You’re not getting it…
A 125MB package like Firefox has up to 5 versions by default kept under the Snap system. Do this 10x across different packages, and suddenly you’re missing a lot of storage you can’t account for.
Second, SNAP IS JUST SLOW. People don’t like when it takes 5-10 seconds to launch a very simple app. Let’s not even get into the performance being absolutely horrendous when you need direct access to memory or GPU. It’s not what people want.
Last, your problem with Nvidia drivers lies with Nvidia themselves. I run a cluster of a thousand instances which never hiccup on the Nvidia server+CUDA drivers.
Desktop is a shit show, and that’s their fault. Don’t blame your misunderstanding of these two things to be the fault of the distro.

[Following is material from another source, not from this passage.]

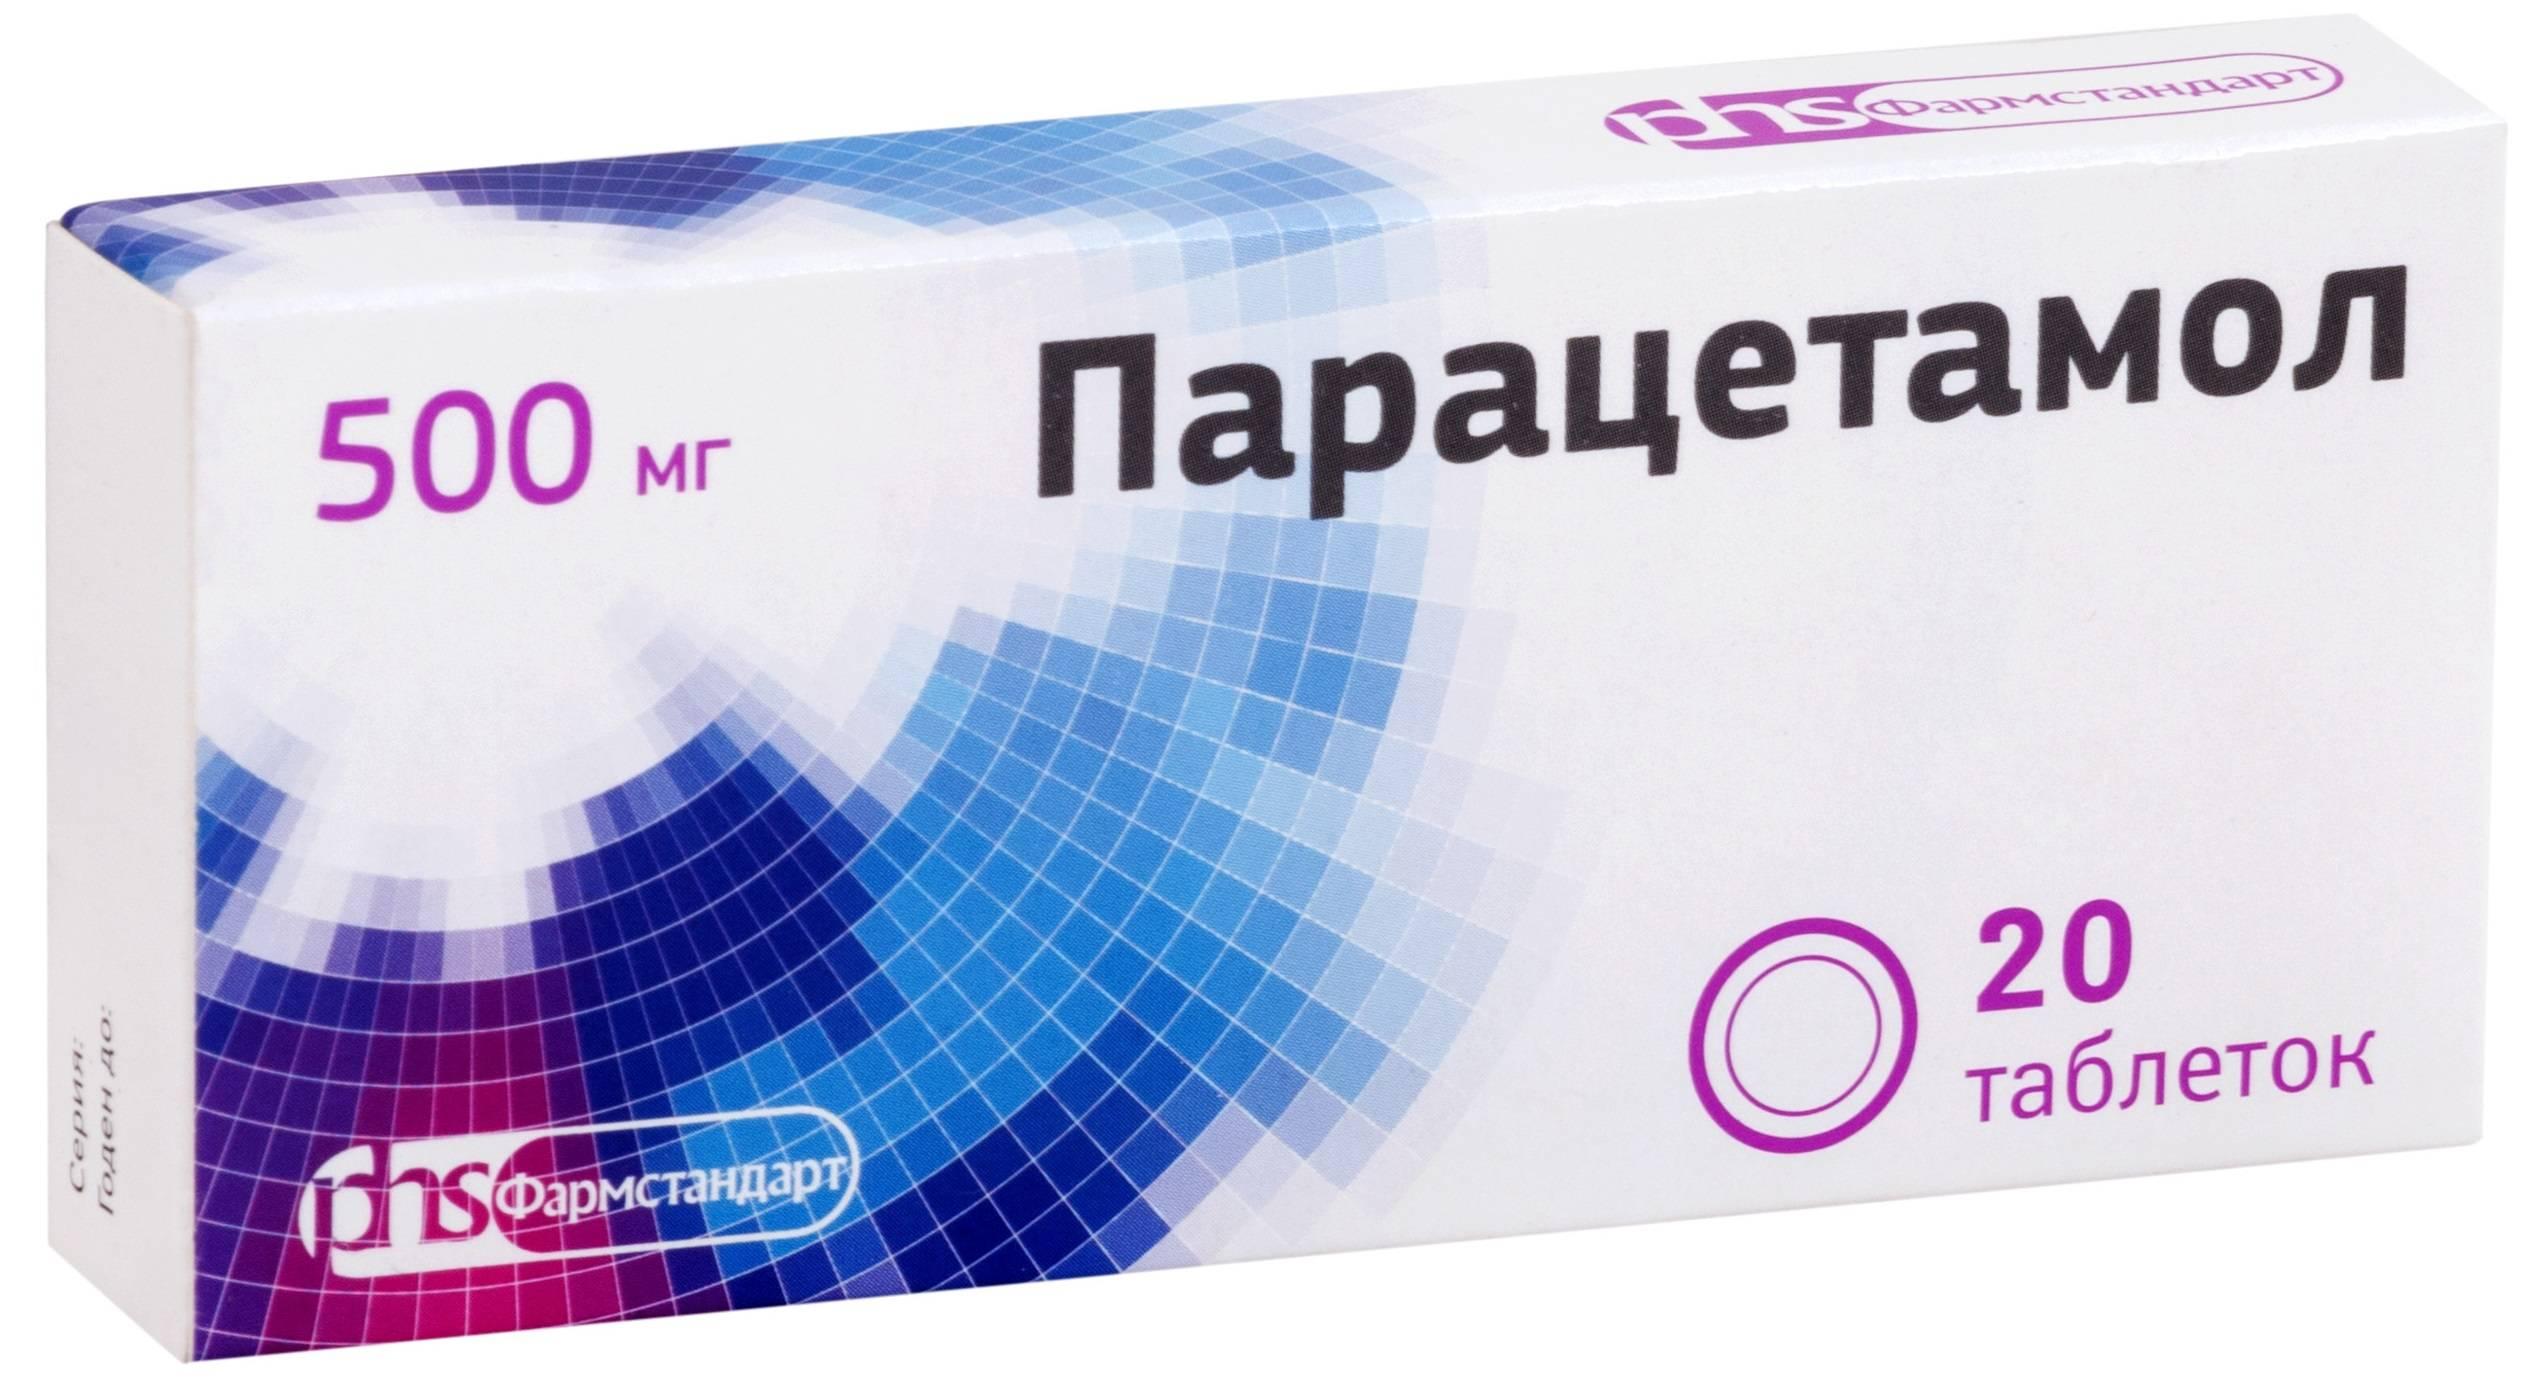 Парацетамол — от чего помогает и инструкция по применению. как принимать парацетамол детям и взрослым | информационный портал о здоровье

Oh no 1gb of space is being used windows users totally care about that as they go from an OS that out of the box takes 100gb to one that takes 30gb. Thats pretending what you said is true because Snap doesnt store 5 versions by default it stores two. Secondly the common runtimes are shared between applications and versions so the amount of extra space when storing multiple versions is minor also distro packaging also stores multiple versions by default 3 if I recall correctly for dnf.
I think the fact that you think a win10 user cares more about an app taking a few seconds longer to open on first load than their GPU driver being unstable(from a new user perspective) is everything. Yes! the driver is nvidia’s fault but its also fedora intentionally choosing to not ship it out of the box. Many other distro’s do this so nvidia users dont have to go through the hassle of foss drivers and them breaking every kernel update.
Also I dont blame fedora for this, fedora doesnt target new users and as a fedora user I like that they aim to ship a fully foss system and I think they make it easy to include properitary packages if thats something you want. However its pointless to point someone to a distro where you have to then give them a bunch of extra steps to enable basic functionality when there are plenty of distros that work out of the box.
For a new user one of the ublue spins is a good choice. They get the base fedora experience with nvidia gpu’s sorted out of the box and flatpak.
You apparently don’t deal with actual end-users, so let me inform you…they absolutely fucking care.
You seem to keep skipping the part where SNAP IS 10X SLOWER.
Get lost with your lazy argument.
I’m installing snap on fedora to spite you.
👍 have fun with that
Or the current Debian testing, which will become stable soon. If you have experience with a Ubuntu from 10 years ago, you might know about
apt
already. If not, the package manager is already integrated into gnome-software. Additionally you can easily enable Flathub for flatpak and install packages using gnome-software afterwards.And yes, I would avoid Ubuntu on the desktop because of snap and other weird choices for defaults.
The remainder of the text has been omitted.